All of this is under the shadow of a Mississippi case that the Supreme Court will likely rule next year.
In May, the Supreme Court approved the Dobbs women’s health group hearing against Jackson, a case in which the only abortion clinic in Mississippi challenged the constitutionality of the Mississippi 2018 Gestational Age Act, which bans abortions after 15 weeks. The court will take up the question of whether states can prohibit abortions before the fetus is viable, and if the court finds it constitutional, the Roe v. Undermine Wade directly – and pave the way so that the six-week bans remain in place.
“It would be a world where states have literally made abortion a crime once a person finds out they are pregnant, effectively saying that an abortion can never be done,” Oberman said.
The Effects of Abortion Bans
What would that mean for one in four women, ages 15 to 44, who choose to have an abortion?
“If the Supreme Court says go ahead and feel free to recriminalize abortions, 16 states will keep them legal. We already know it is in their constitutions, and 34 states will be investigating whether and under what conditions abortion is prohibited, “Oberman said.
People living in more liberal states would have access to abortion, while those living in restrictive states would only have access if they have significant resources to leave the state.
“The consequences of abortion restrictions are pretty profound,” said Elizabeth Nash, Guttmacher’s chief state affairs officer. “They require people to pay out of pocket. They ask people to delay. They limit the number of abortion clinics available. They have a huge impact on what it looks like to have access to abortion care. “
She pointed to the Targeted Regulation of Abortion Providers (TRAP) laws that Texas enacted in 2013 that resulted in the closure of half of Texas’ abortion clinics, leaving only 20 in the state. While the laws were overturned by the Supreme Court in 2016, the damage was done and the clinics never reopened. The TRAP laws are also the reason Mississippi has only had one clinic for the past decade. This lack of access and the criminalization of abortions disproportionately affect the poorest people and color communities.

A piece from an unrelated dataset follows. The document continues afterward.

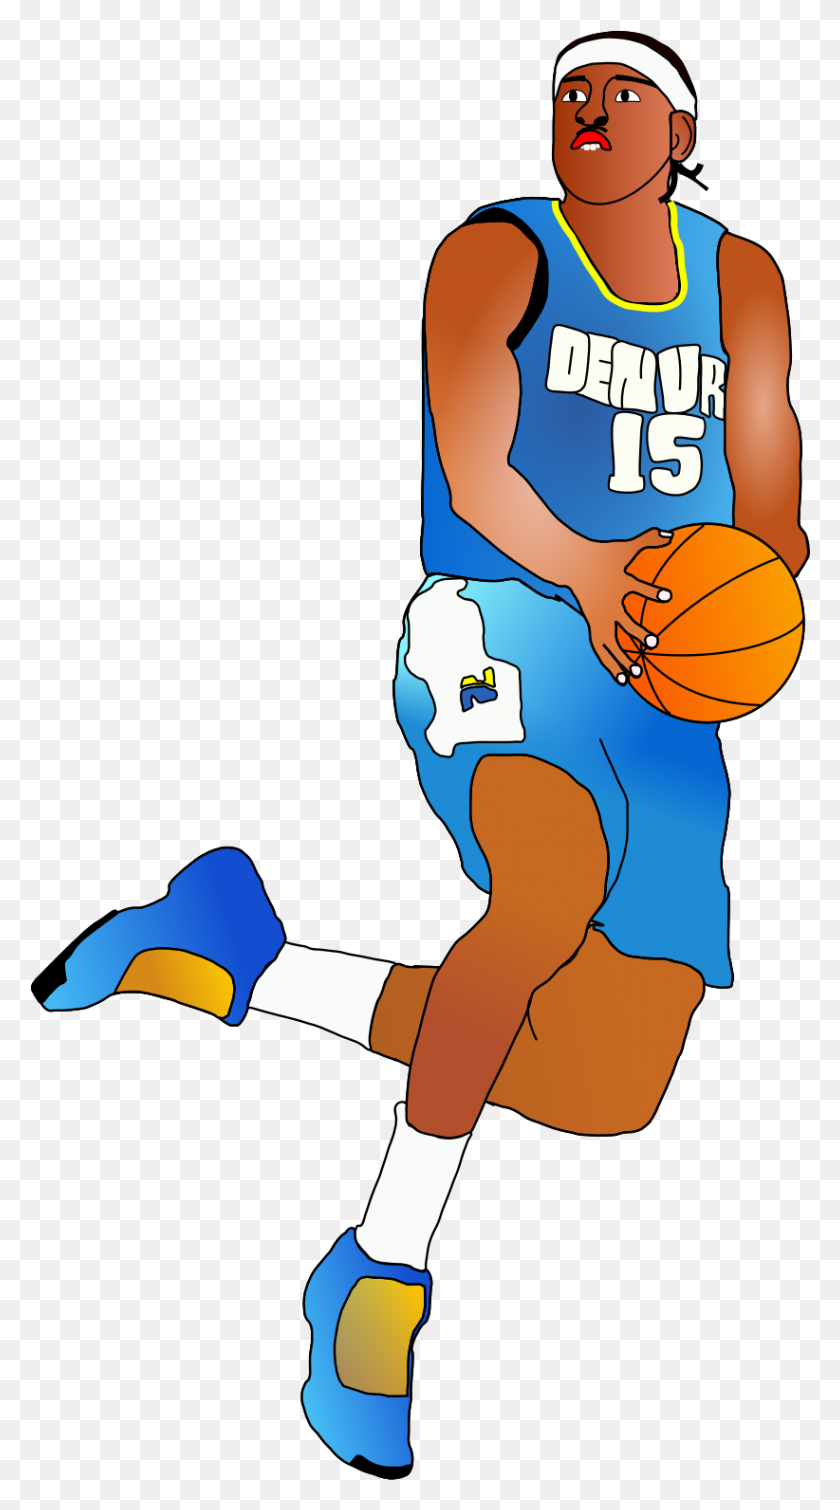 822x1529 Imágenes De Dibujos Animados De Jugadores De Baloncesto Image Group - Stephen Curry Clipart

Drawing a parallel with her research in El Salvador, where abortion is totally banned, Oberman says desperation leads to black market abortion drugs that may be misused and high teen suicide rates when pregnant people see no way out.
“When there’s a lot of demand for something, don’t just drop it off making it illegal,” she said.
Without nonprofit abortion funds across the country like MRFF, pregnant people with no funding would be forced to have children they cannot or do not want to afford or to seek unsafe abortion methods.
“The anti-election movement has been working on it for nearly 50 years, and the people of the South largely live an existence before the Roe,” said Roberts. “We burned out but we are determined to keep fighting.”